Research from The Study on Collegiate Financial Wellness by Ohio State’s Center for the Study of Student Life1, informs that 77 percent of Ohio State students report that they believe college is a good investment in their financial future, a significant number of students report feeling stressed about their current financial situation. Fifty-seven percent of surveyed students worry about having enough money to pay for school. Additionally, 62 percent expressed concern about simply paying their monthly bills. Of those students who borrowed money during college, 43 percent report that the total amount they owe cause a large or extreme amount of stress.
iGrad is an important part of Ohio State’s financial education program, Scarlet and Gray Financial. Located within the Office of Student Life, Student Wellness Center, The Ohio State University’s Scarlet and Gray Financial peer education program reaches more than 10,000 students annually in goal-oriented financial education services. Scarlet and Gray Financial is nationally recognized as a leading higher education financial wellness organization2, recently appearing in the United States Department of Treasury’s Best Practices for Financial Education at Institutions of Higher Education report.
Ohio State’s Student Life Financial Education Program Coordinator Ben Raines said the program is an important part of the university’s financial wellness efforts.
“In addition to the program’s one-on-one coaching services and in person presentation, iGrad offers on demand resources with a wide variety of topics for students with an ever-growing need for financial education,” he said. “From the first student loan to understanding health insurance at their first job, we utilize the educational program to ensure students are making informed choices.”
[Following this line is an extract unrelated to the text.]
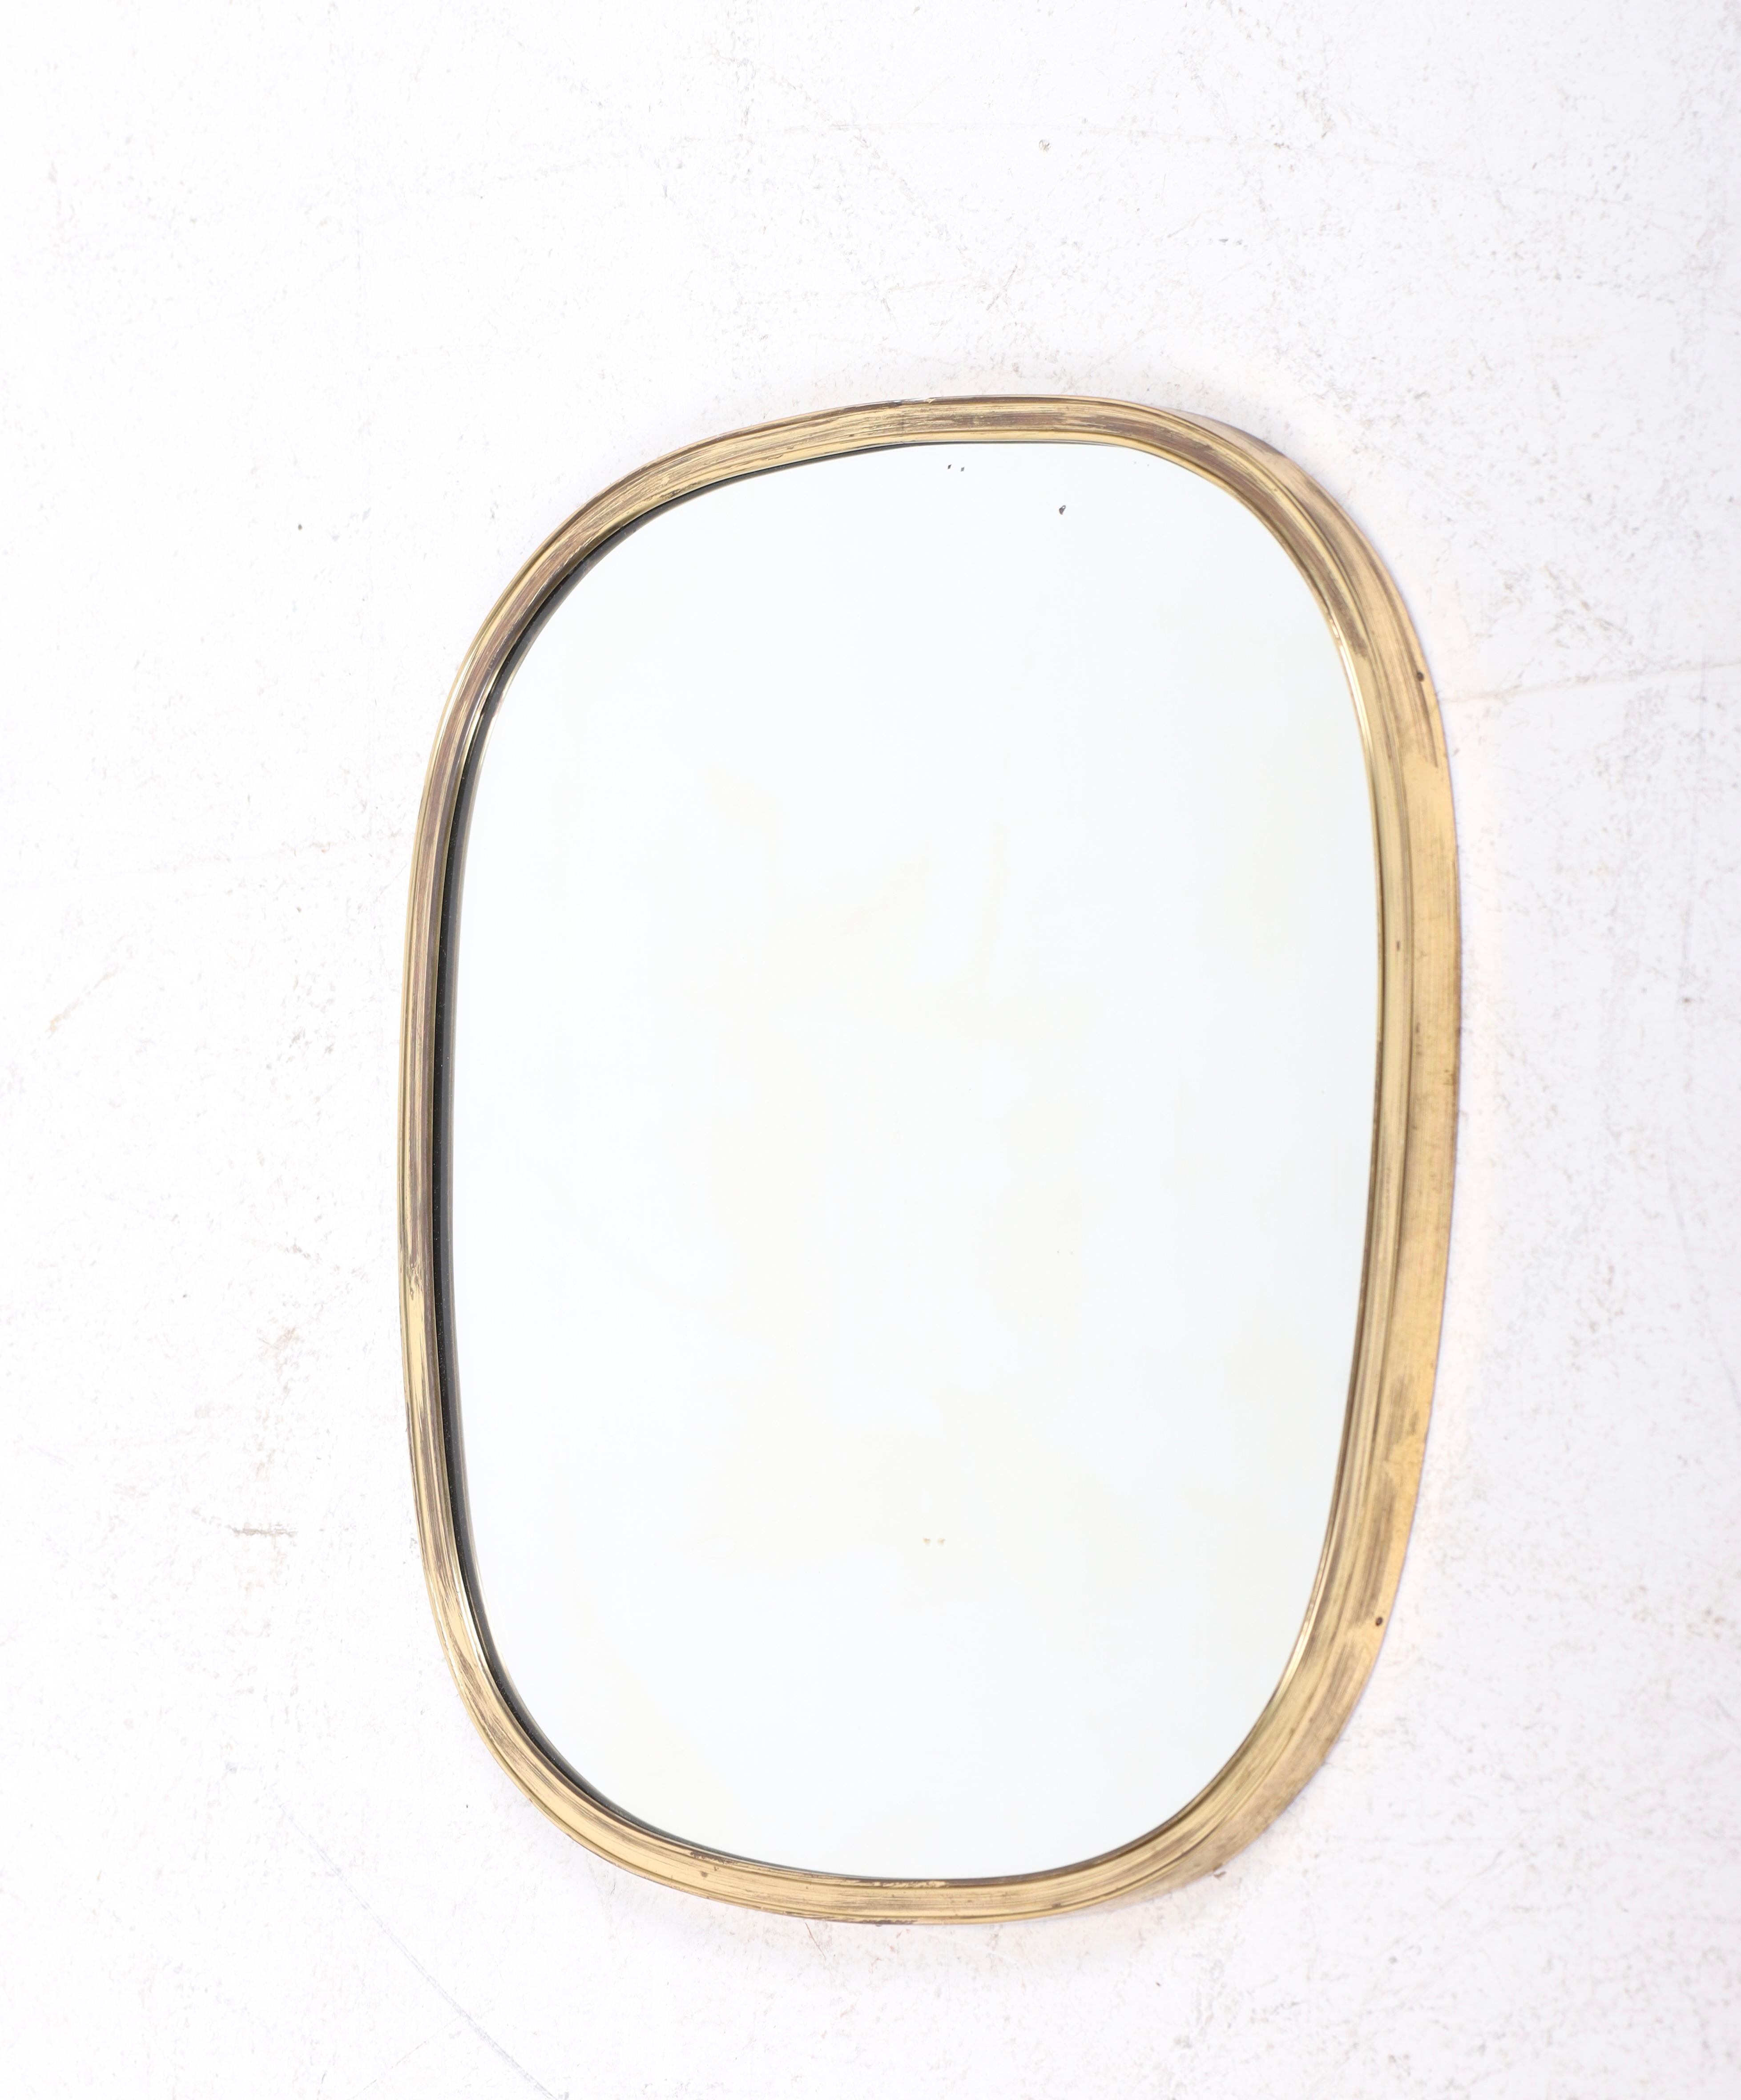 Mid-20th Century Wall Mirror in Brass, Made in Denmark 1950s For Sale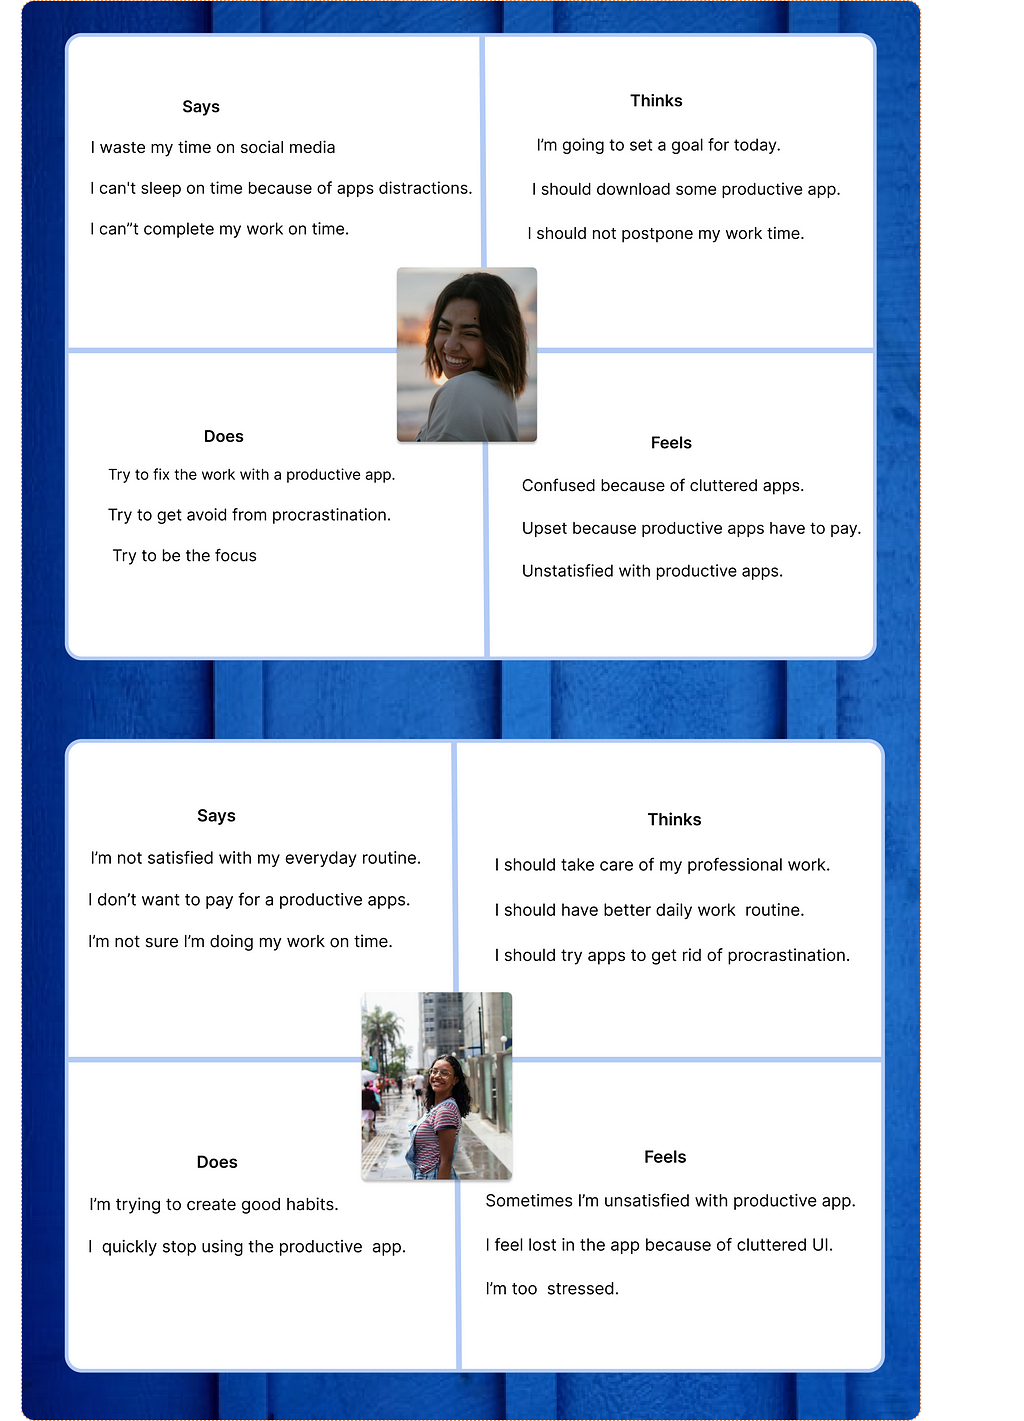 This is a image contain Empathy Mapping of Aarya Shah and Kiara Patel

The service plays a role in the university’s Second-year Transformational Experience Program (STEP). All 3,400 members of the STEP cohort are required to complete two iGrad courses prior to one-on-one coaching appointments with a peer financial coach. The program is also available as a supplement to academic courses, with some instructors offering particular courses or tools as a class assignment. This year, the STEP program, including the financial wellness component, expands to students, faculty and staff at all six Ohio State campuses.